PICRUSt2 (Phylogenetic Investigation of Communities by Reconstruction of Unobserved States) is software that predicts functional abundances from marker gene sequences. It typically focuses on gene families like KEGG orthologs and Enzyme Classification numbers, but can predict any trait. While commonly used with 16S rRNA data, it also supports other marker genes.

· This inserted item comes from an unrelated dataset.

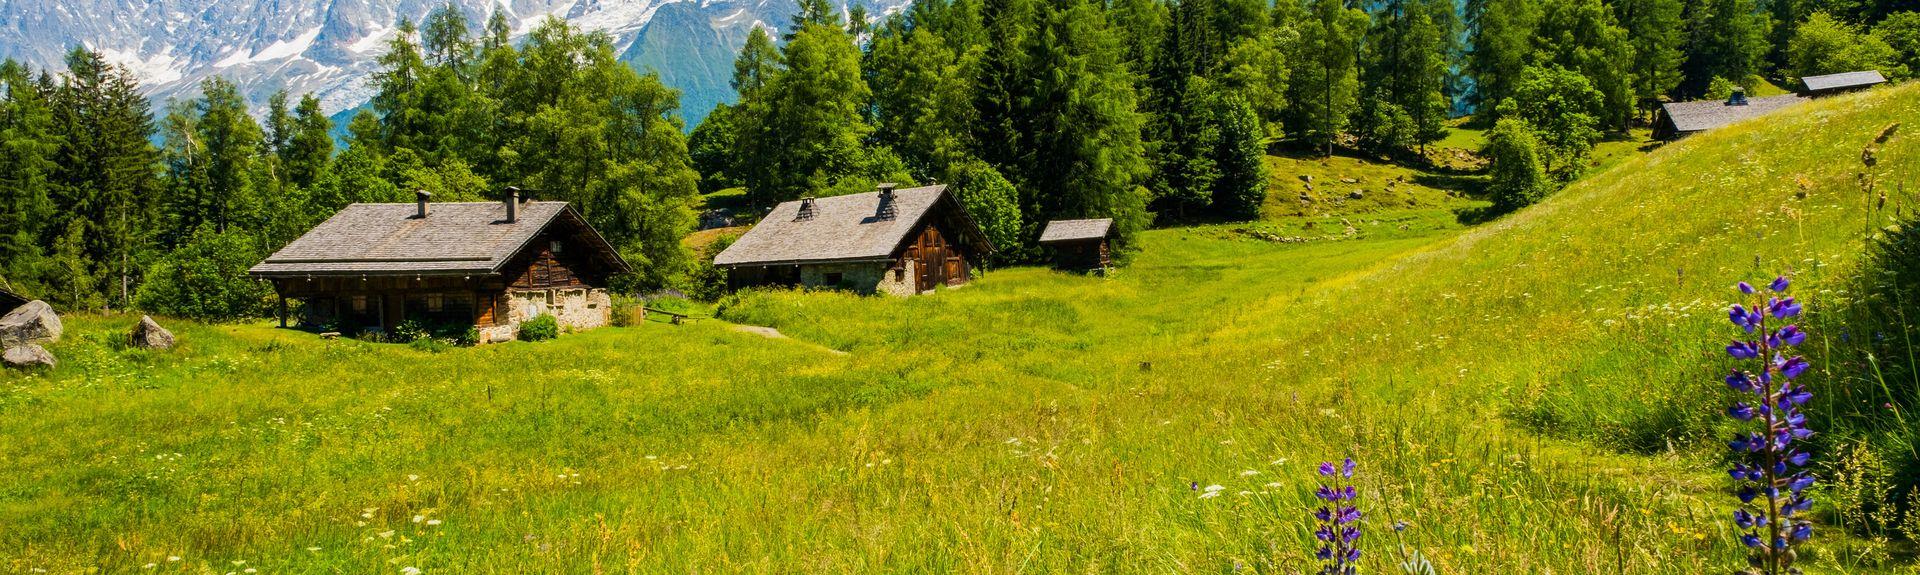 Les Houches, Haute-Savoie (Département), Frankreich
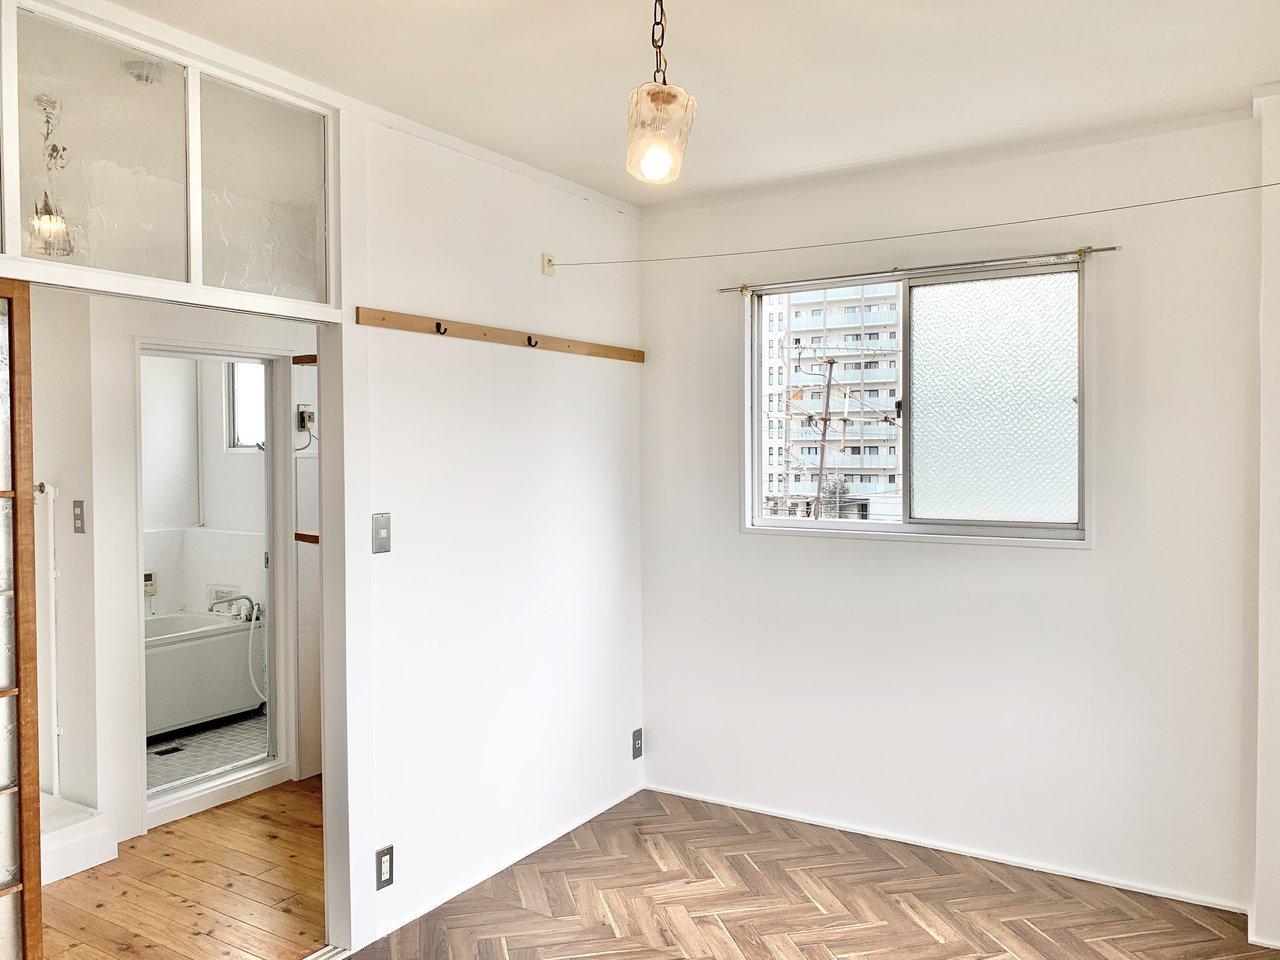 ヘリンボーン&無垢床がお迎えしてくれる、1DKのお部屋。アンティークなインテリアがよく合いそう。

The example data is from an article already published link and were sediment core samples that were collected from three zones of mangrove ecosystem: Basin, Fringe and Impaired. The samples were taken during two seasonal conditions, dry and flood seasons, at three sediment depths: surface, mid-layer, and deeper sediment layers, to assess the impact of degradation level or zone, seasonal variation, and sediment depth on microbial communities.
First, load the rbims package.
The function to use that information is read_picrust2
.
This function can parse the information of the KO, EC and pathways data
from picrust2. The KEGG analysis is just possible if KO table is
used.
KO_picrust2_profile <- read_picrust2("../inst/extdata/KO_metagenome_out/KO_pred_metagenome_unstrat.tsv", database = "KO", profile = T)
The database
argument will parse the database. In
this example, I will explore the KO output.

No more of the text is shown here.